I am a planner. There are always a few plans for my life floating around in the back of my mind. On a much smaller scale, I always enter each week with a plan for our meals that somehow brings together all my ideas for things I’d like to cook that come from dog-eared magazine pages, Pinterest pins, internet bookmarks and post-it stuck pages in cookbooks.
My favorite recipe planner pages are from Artsy Fartsy Mama.

I love them because they’re pretty they bring together my menu, my blog posts and other stuff I need to throughout a week and “other stuff” I want to cook, which is what I use the “shopping list” section for. And they’re free.
Because a fair percentage of my recipes come from the internet, I LOVE using ZipList to make my shopping lists. If you’re the least bit techy, you should check out their “How It Works” page for all the details, but it basically works like this:
- Sign up for a free account.
- Install the Recipe Clipper applet and the free app for your phone.
- Go to the page where your recipe lives.
- Click the Recipe Clipper. The recipe and all the ingredients are sent to your shopping list.
- Organize the list if needed and manually enter any other things you’re shopping for.
- Take your phone shopping and check the items off as you put them in your cart. The lists are synced back and forth, so whatever you add online is on your phone and whatever you check off on your phone is taken away from the online list. Amazing.

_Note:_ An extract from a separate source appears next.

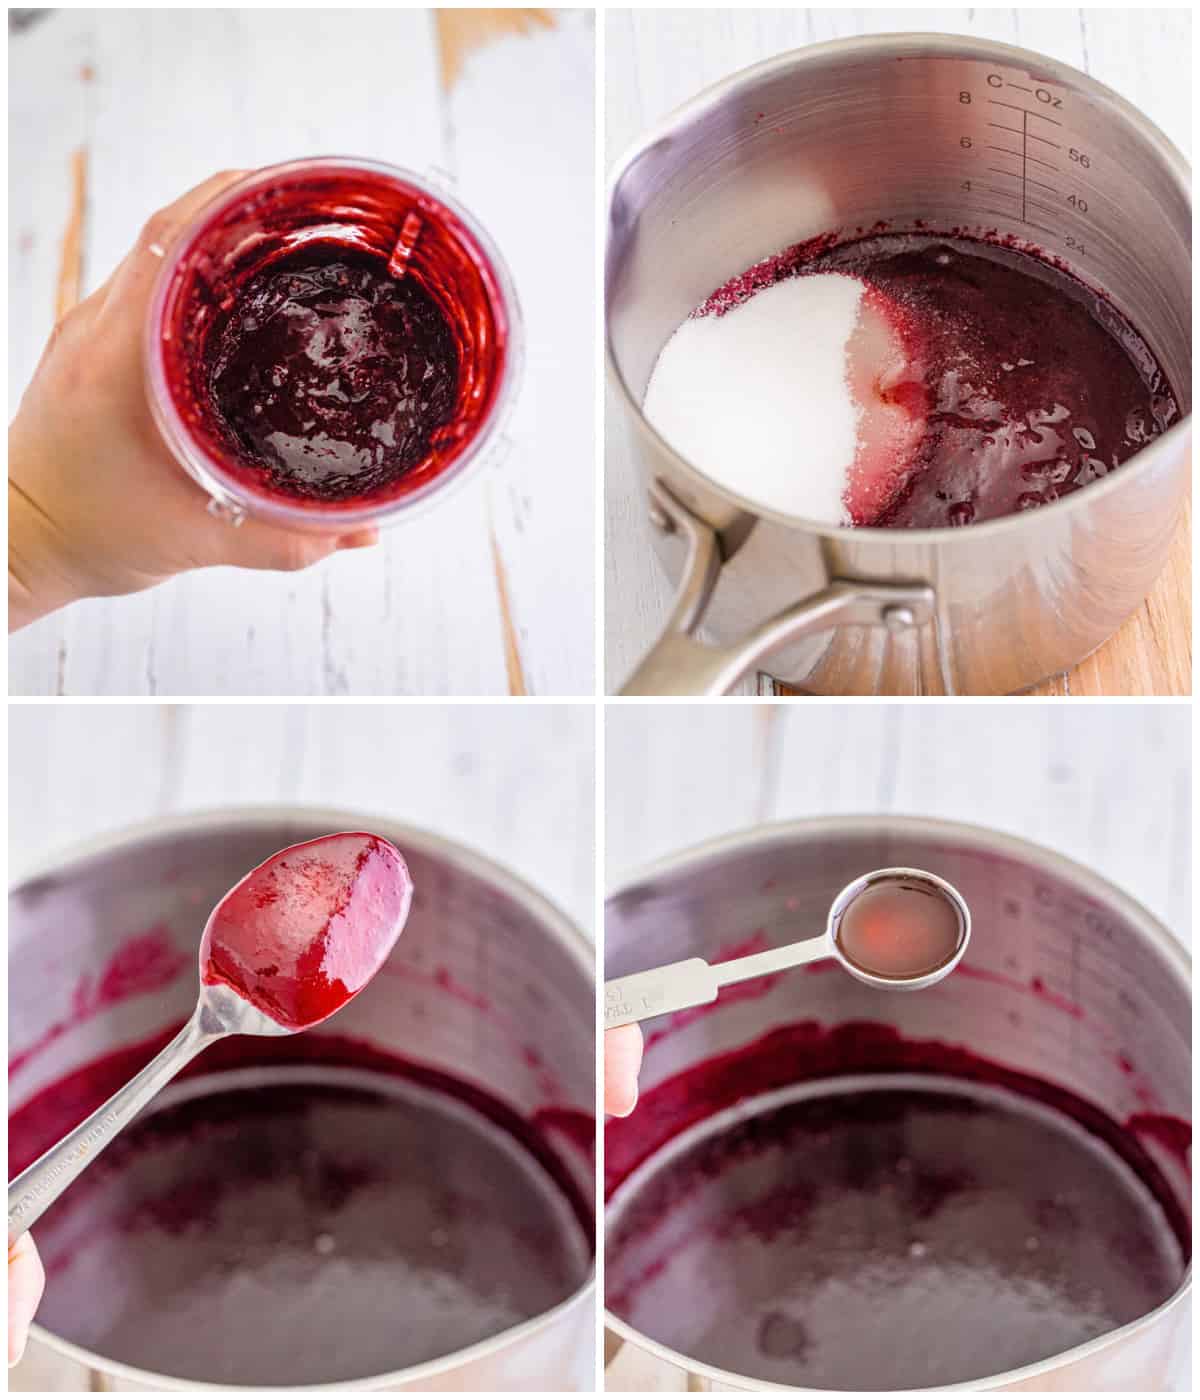 Step by step photos on how to make Blackberry Jam.

Roasted Vegetable Penne Pasta (adapted slightly from The Slow Roasted Italian)
- INGREDIENTS -
2 zucchini
1 eggplant
8 oz mushrooms, roughly chopped
2 pints pearl or grape tomatoes
1/4 cup extra virgin olive oil
1 cup + 2 tablespoons Parmigiano Reggiano (grated and divided)
3 cloves garlic, minced
1 pound whole wheat penne pasta
salt and pepper, to taste
- PREPARATION -
Preheat oven to 400°. Prepare 2 cookie sheets by lining them with parchment paper.
1. Wash vegetables well with soap and cool water. Dry and cut into bite size pieces, about 1/2″.

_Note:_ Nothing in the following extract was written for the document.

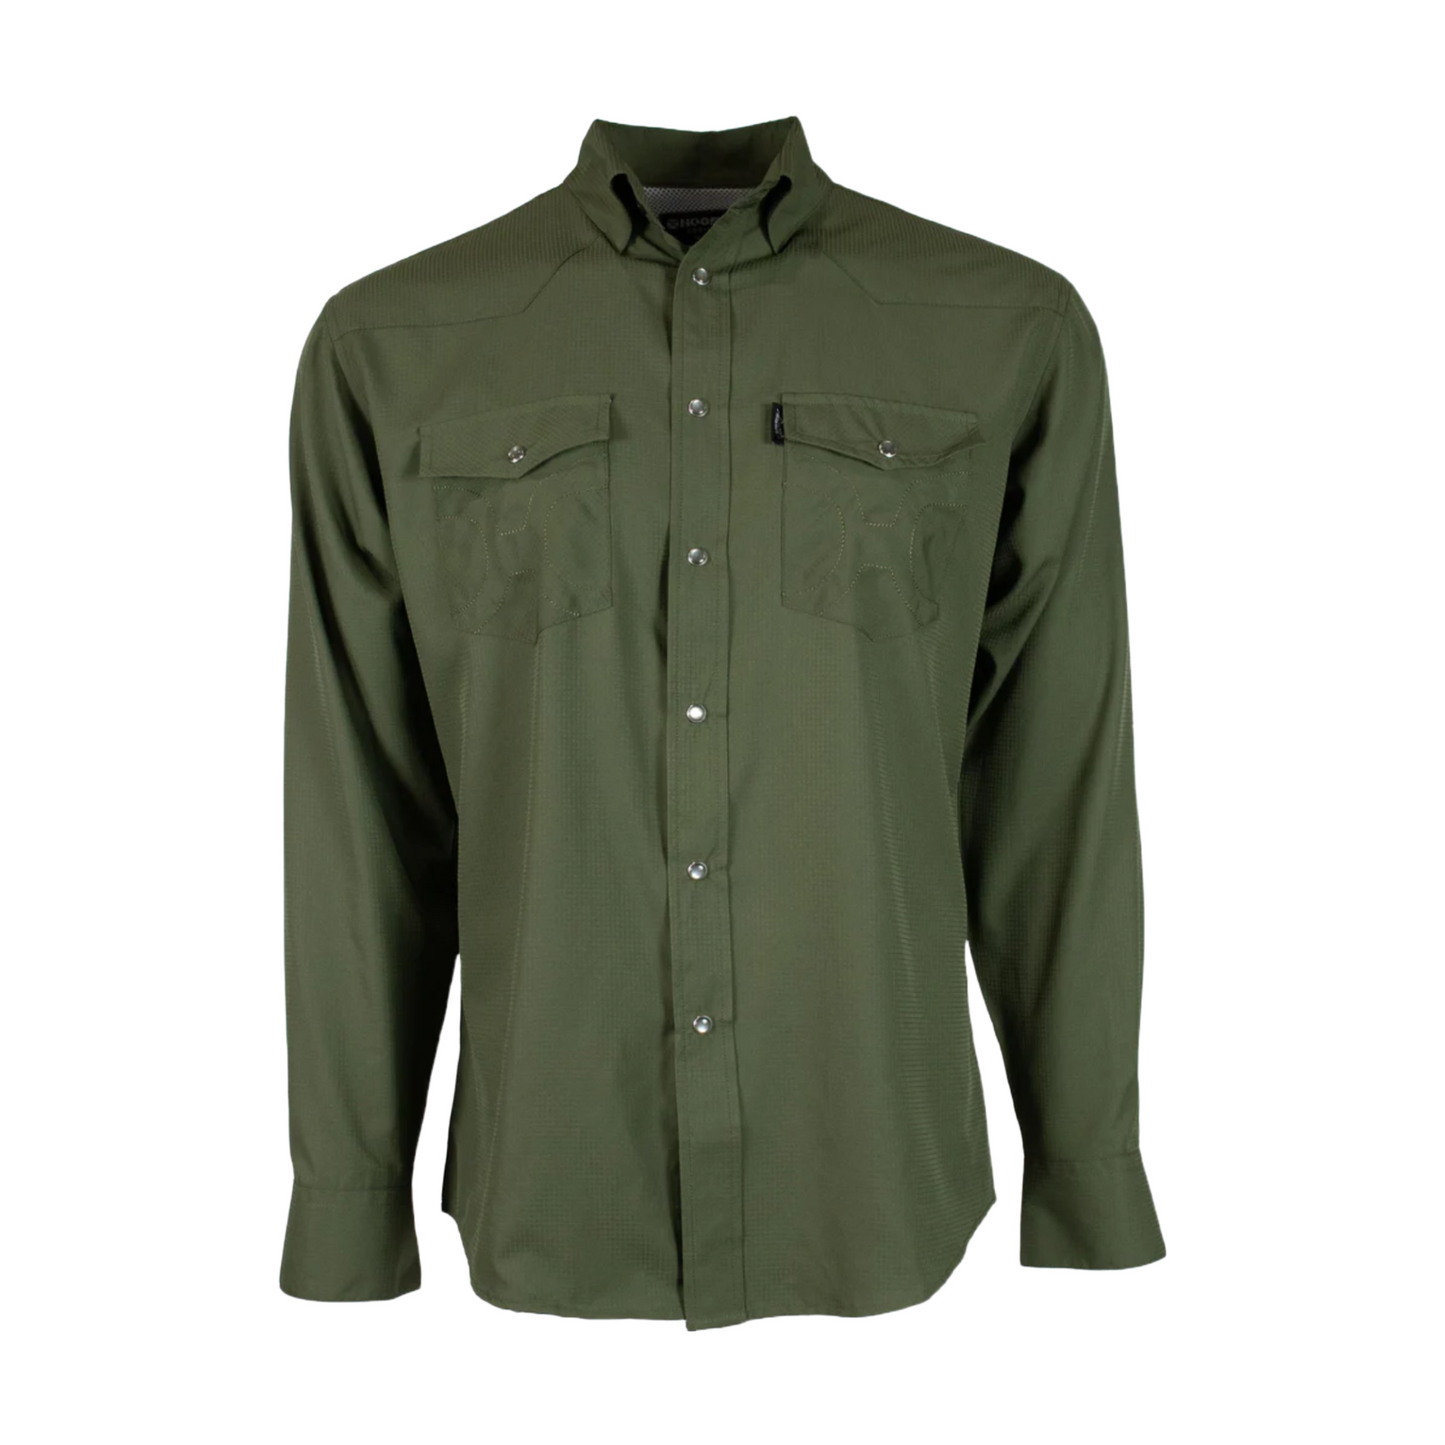 Hooey Men's SOL Olive Green Snap Button Down Shirt HT1612OL

2. Separate veggies between two pans and sprinkle with salt and pepper. Roast for 40-45 minutes, rotating top and bottom pan and stirring vegetables every 15 minutes. Once your vegetables start to brown around the edges they are done.

4. Drizzle 1/4 cup olive oil over the top and add garlic and 1 cup cheese. Toss well to combine. Sprinkle top with parmesan cheese and serve.